According to The New York Times, Uber, an on-demand car service app, received the low rating based on nearly 100 customer complaints in the past three years, most regarding surge pricing, as well as other issues.
“Some consumers claim that they were told the final cost of the transportation service the company provided (through Uber Technologies’ phone app, the driver, and the consumer’s receipt), only to be subsequently charged a substantially larger amount,” the BBB said.
According to the Uber website, surge pricing is all about supply and demand:
With surge pricing, Uber rates increase to get more cars on the road and ensure reliability during the busiest times. When enough cars are on the road, prices go back down to normal levels.
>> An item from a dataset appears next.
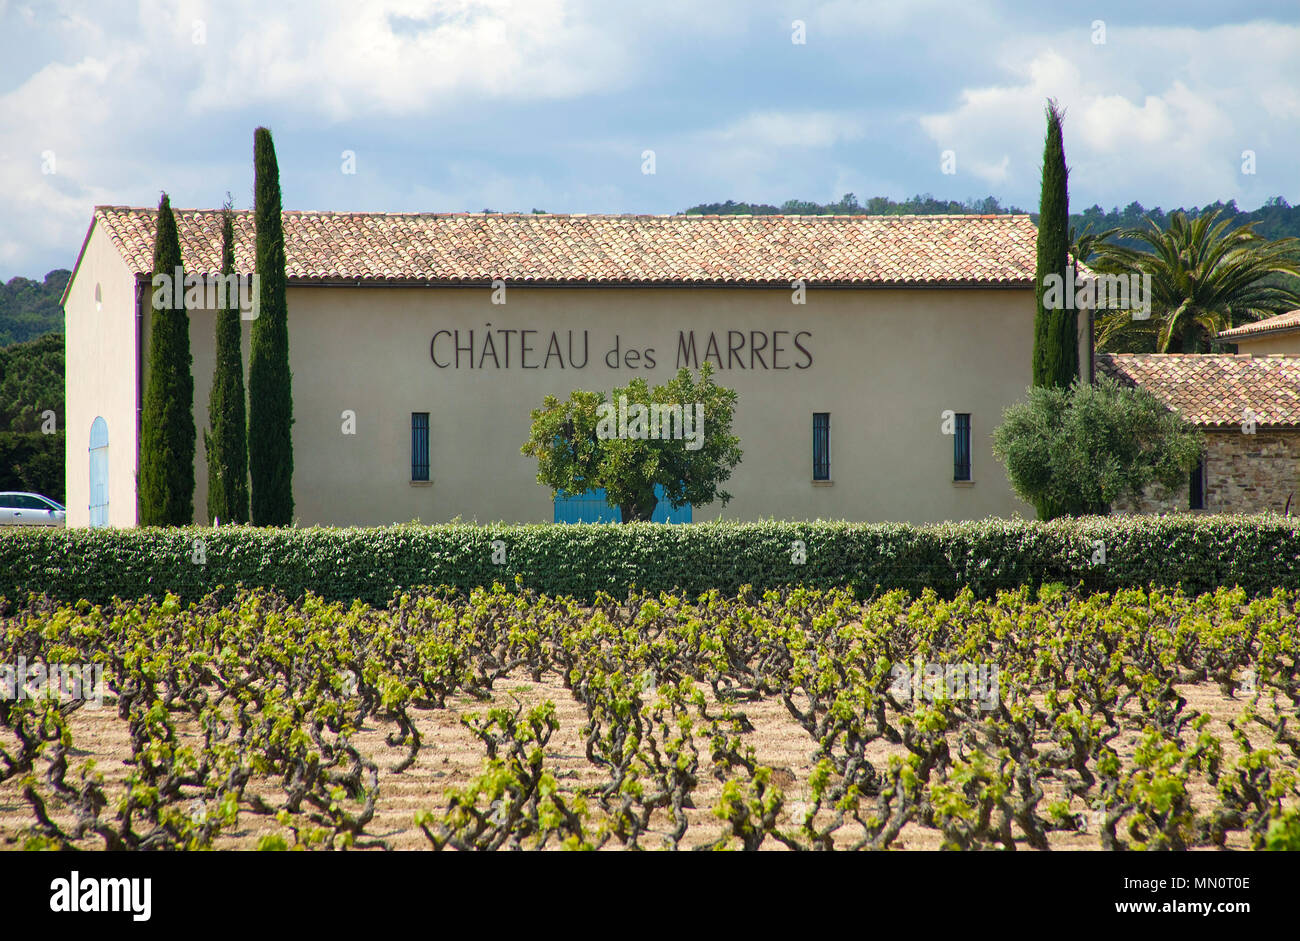 Vineyard 'Chateau des Marres' at Ramatuelle, Cote d'Azur, Département Var, Provence-Alpes-Côte d’Azur, South France, France, Europe Stock Photo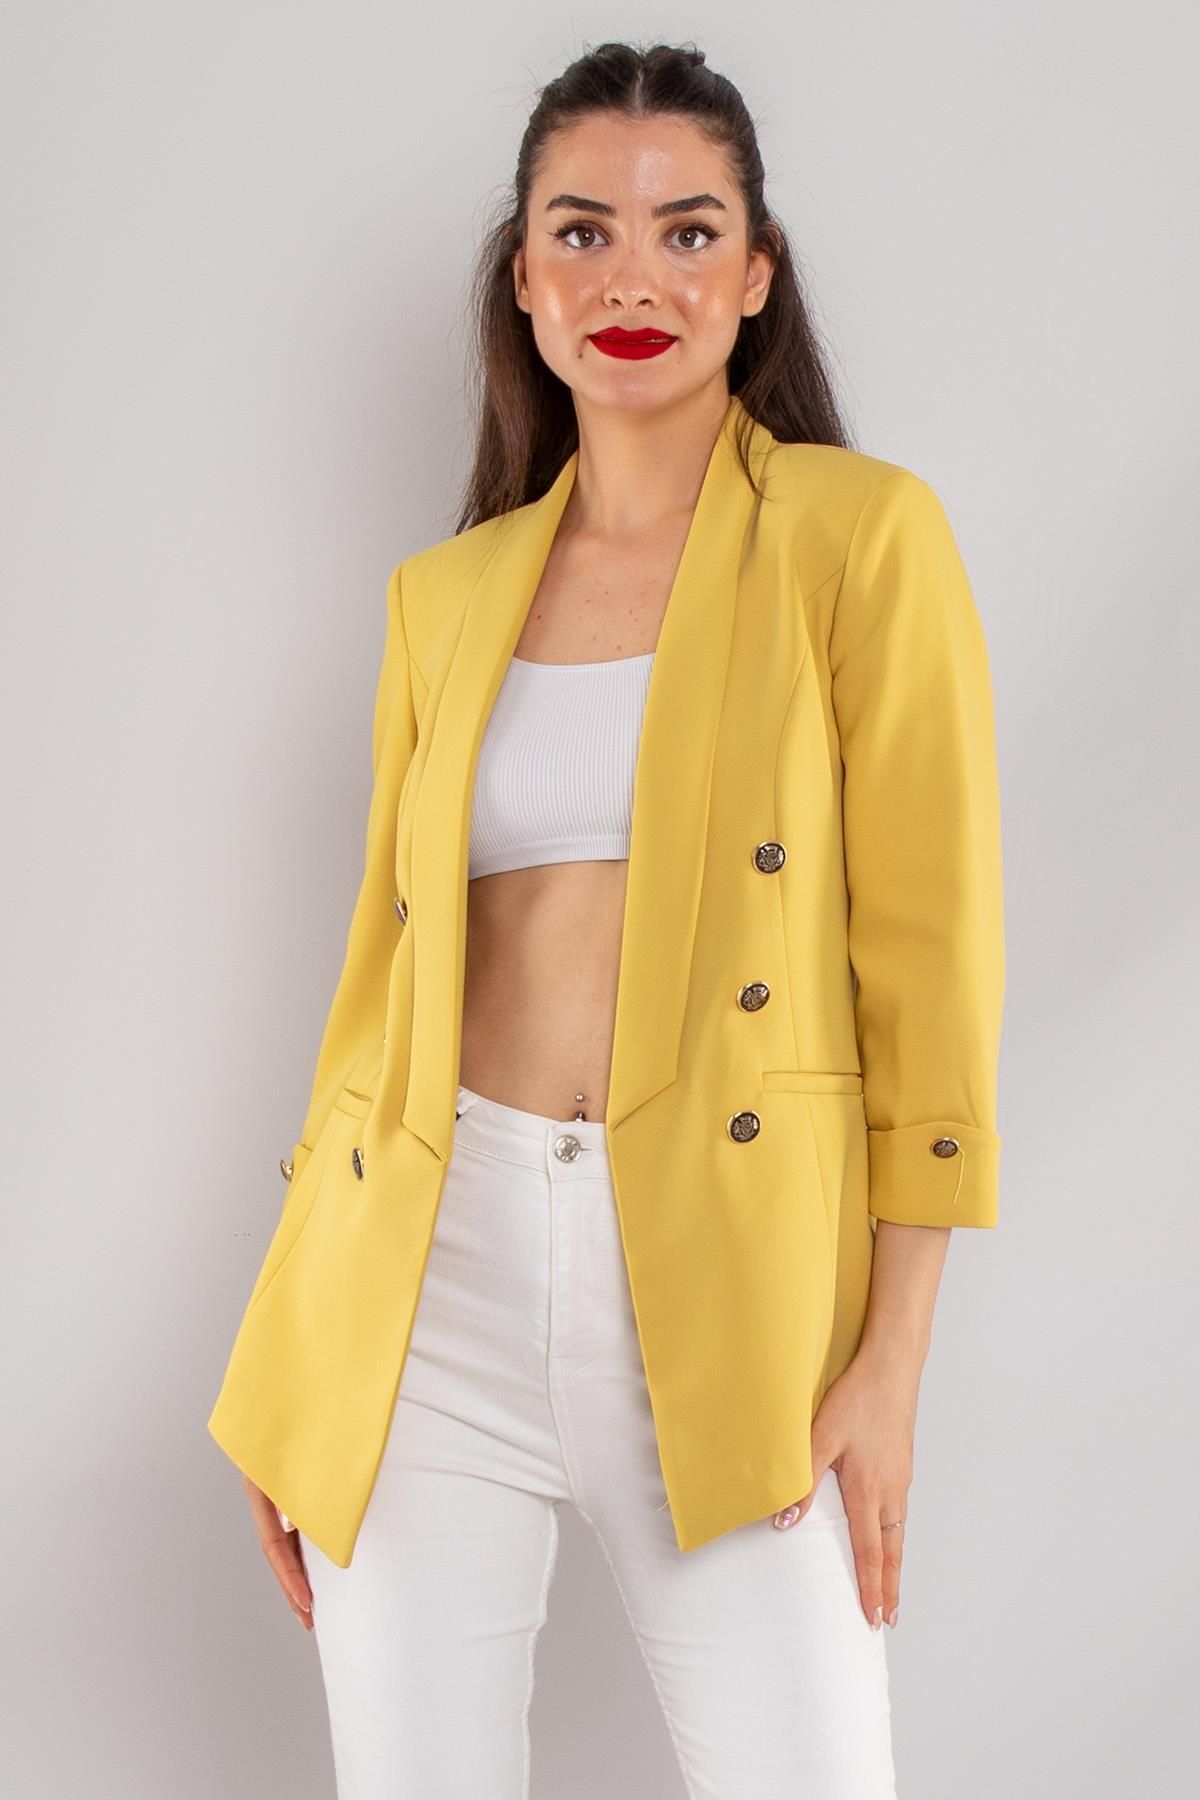 Ayhan 90599 6 Gold Düğme Detay Blazer Kadın Ceket

It’s important to know that you’ll always be notified in big, bold print if surge pricing is in effect.
Uber, which operates in 119 American cities, as well as countries around the world, said if surge pricing leads to rates that are more than double the normal rate, “the surge confirmation screen also requires you to type in the specific surge multiplier to ensure you understand what rates to expect.”
The Taxicab, Limousine & Paratransit Association, the world’s largest taxicab trade group, recently sent out a press release about Uber’s “F” rating, Bloomberg said. It’s interesting, considering many big taxi companies also share failing grades from the BBB. According to Bloomberg:
In San Francisco, Yellow Cab Cooperative has an F, and Peninsula Yellow Cab in Silicon Valley does, too. The Yellow Cab Company in Los Angeles also has an F. Yellow Cab Company of Chicago? F.
The Times also noted that Lyft, Uber’s biggest competitor in the on-demand car service arena, also received an “F” by the BBB.